DS has just figured out crawling, so we're trying to figure out "baby-proofing." We'd like to get gates for the tops of our two staircases - though the staircase that leads right into our bedroom on the third floor (which DS currently shares with us) is the priority right now. We live in a twin home, so the wall along our staircases is a common wall between our home and the home that is attached to us. I believe it is brick. The staircase wall that leads to our bedroom has drywall over it (it was renovated about a year ago), but I don't think the drywall is attached to anything substantial enough to be considered a true "stud."

I know top-of-the-stair gates need to be mounted with hardware. Can any gate be mounted to a wall like ours?

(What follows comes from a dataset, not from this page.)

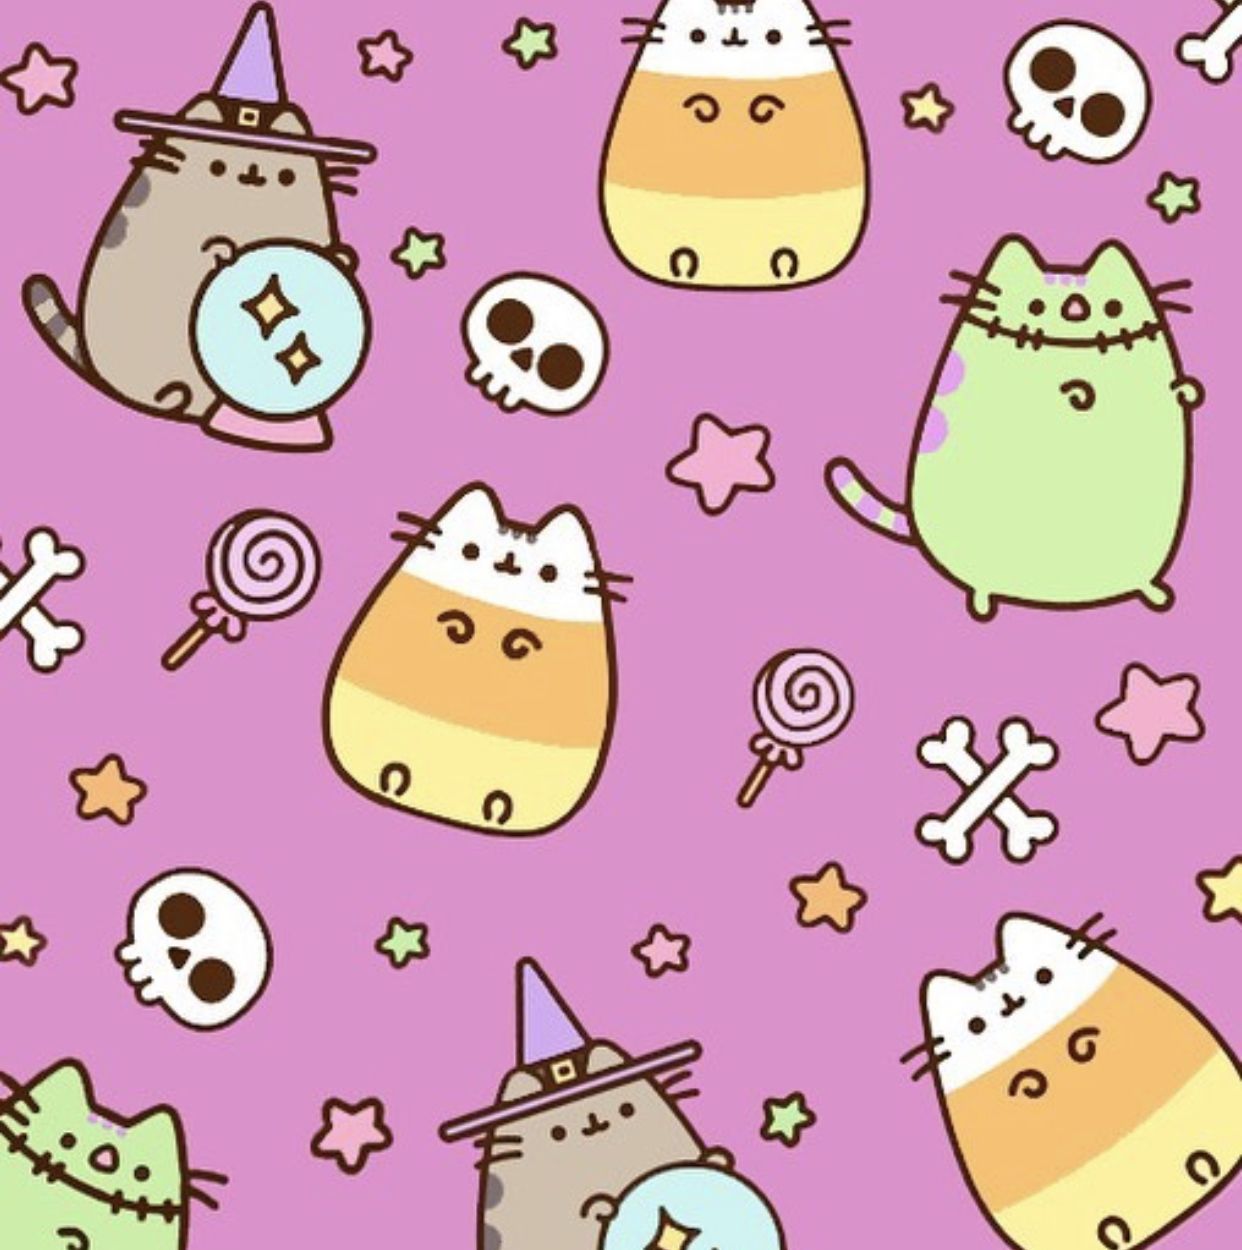 Halloween Pusheen Cat Wallpapers - Wallpaper Cave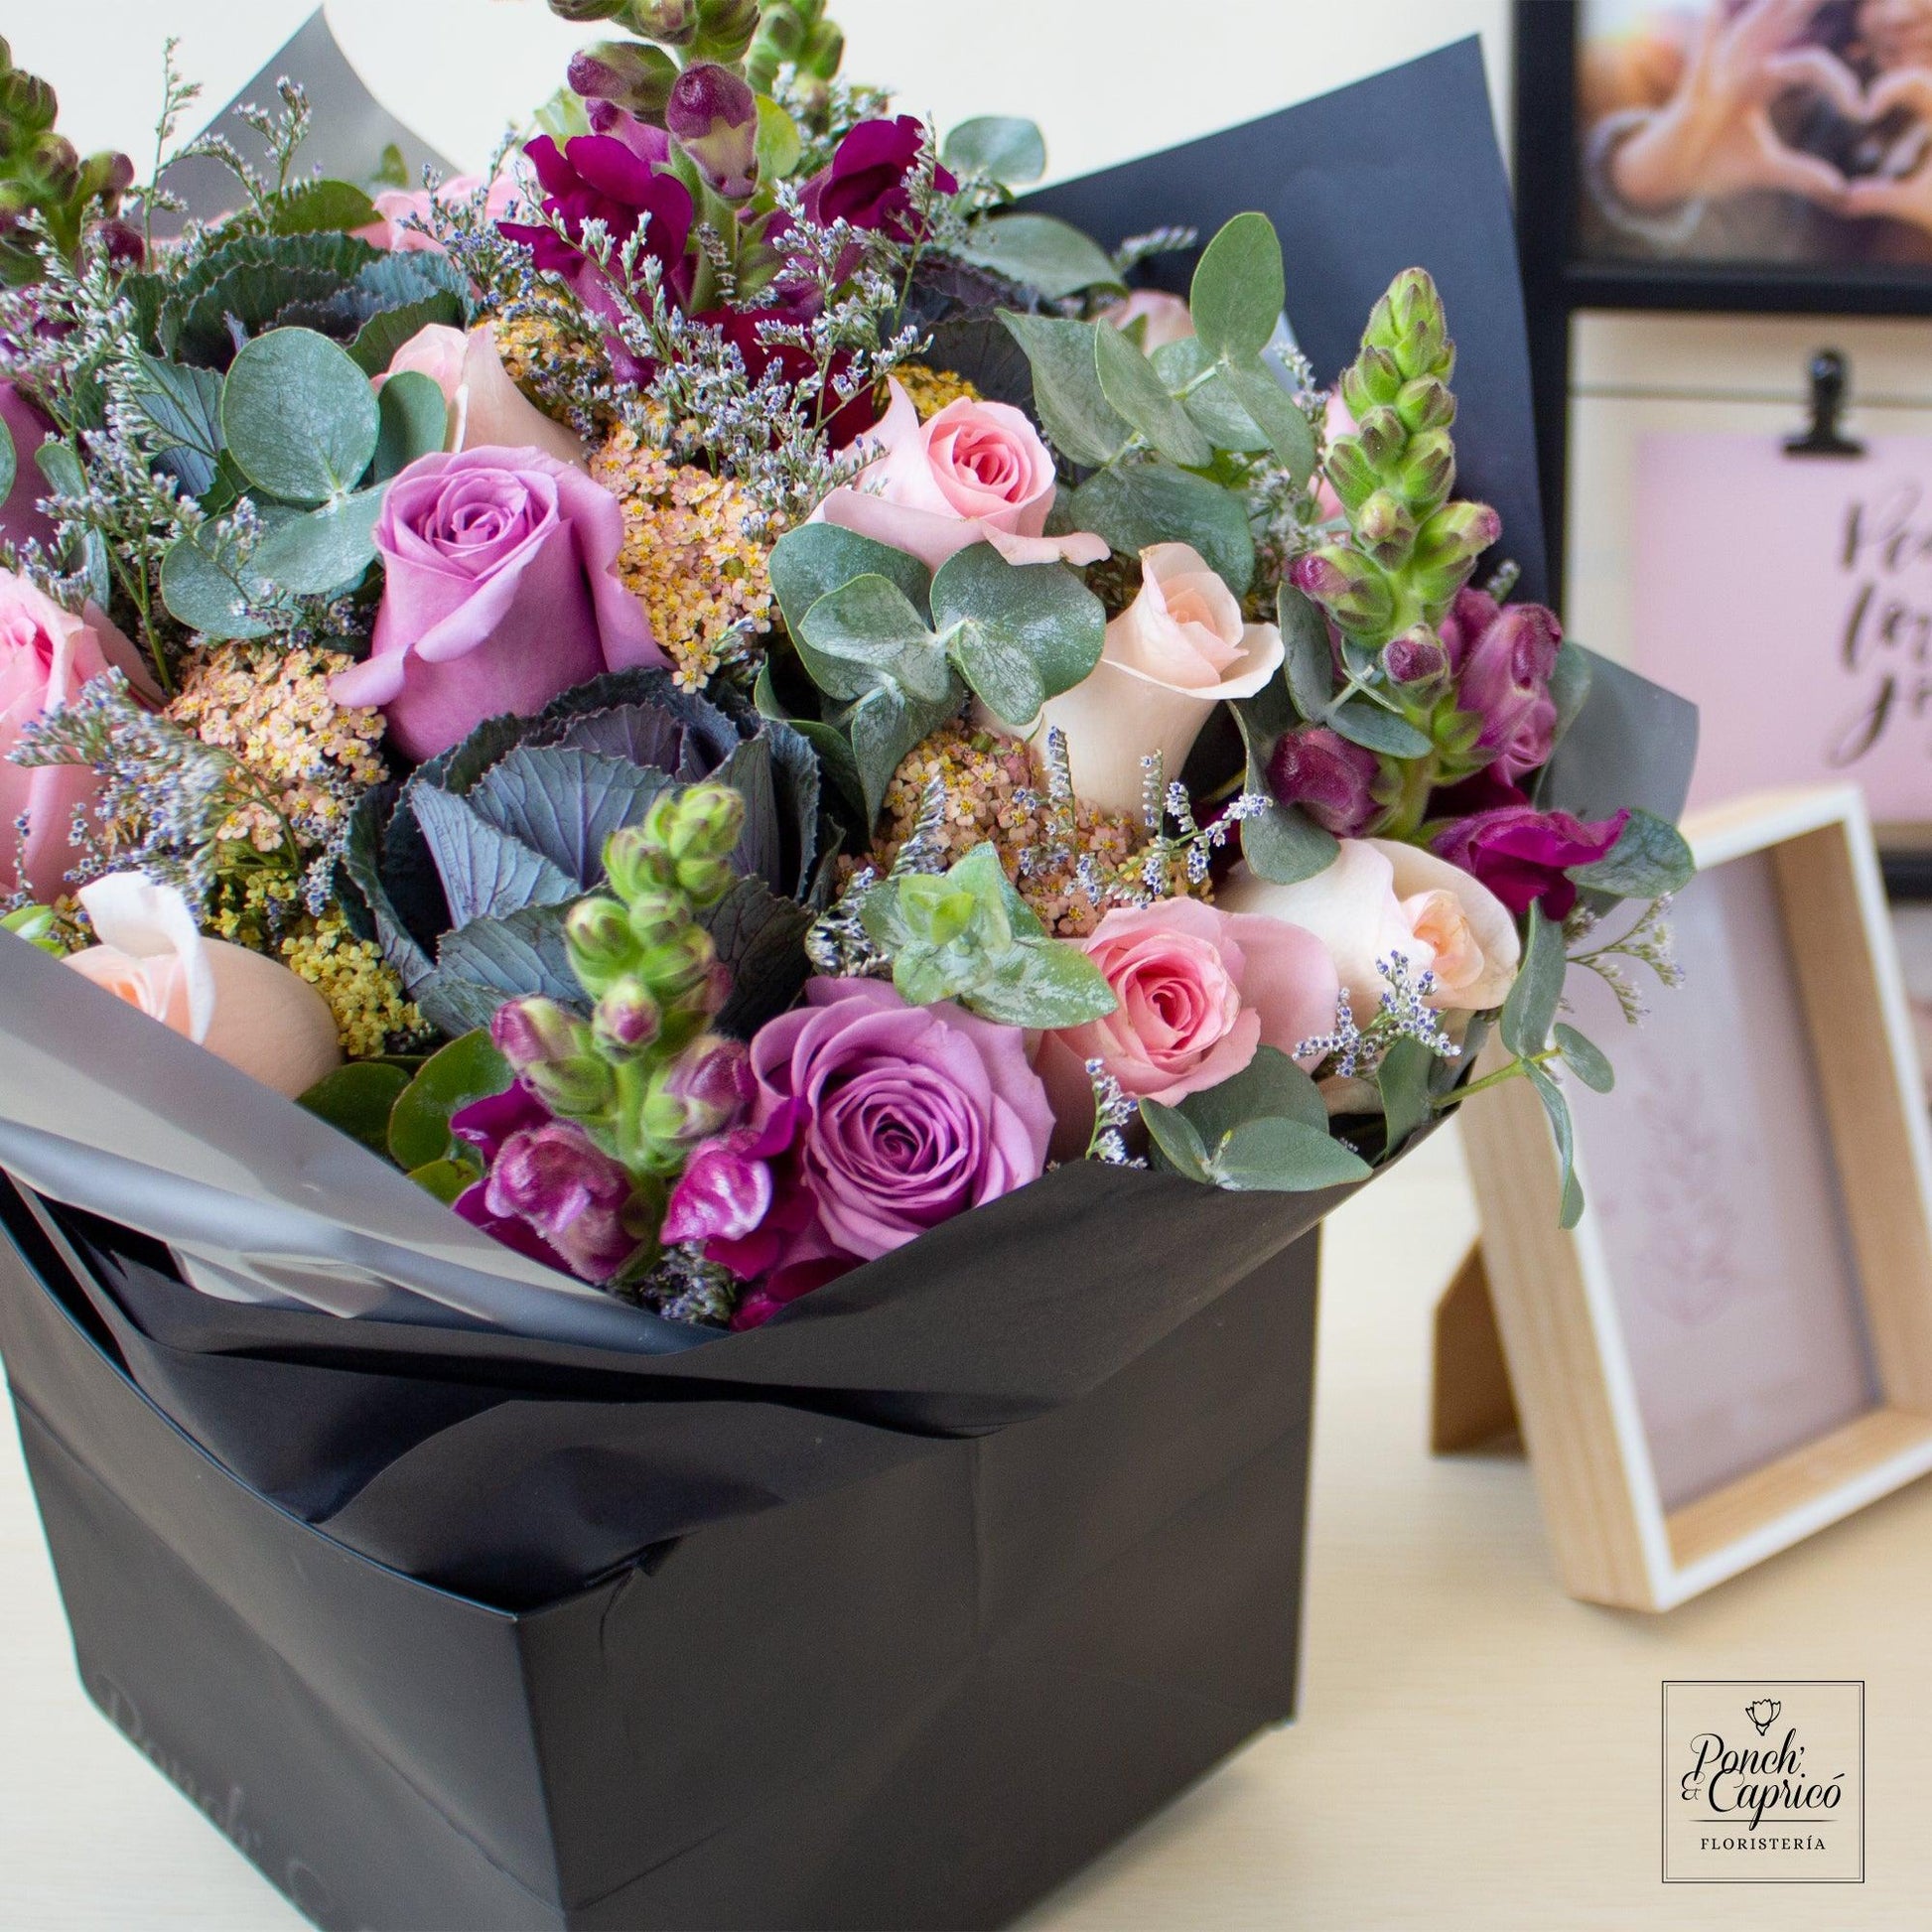 Bouquet de Mix Lila y Rosa con Rosas, Eucalipto, Limonio y Aquilea

Also, I can see the "repaired" holes where the family who lived here before us had their stair gates installed for the stairs that lead to the second floor (this wall just has plaster over the brick, as far as I can tell). Would we not want to screw into the old holes (probably just filled with some spackle)?


----------



## Nimbus (Feb 26, 2007)

I haven't installed a baby gate in brick, but here are my suggestions...
I would start with new holes so you know what gauge of screw to use (should match the anchors.) You'll also need to use a masonry drill bit to bore new holes and masonry anchors to assure the screws stay firmly in place. It might be a bit more trouble than installing into drywall or studs, but I'm sure it's worth the peac of mind! Best of luck.


----------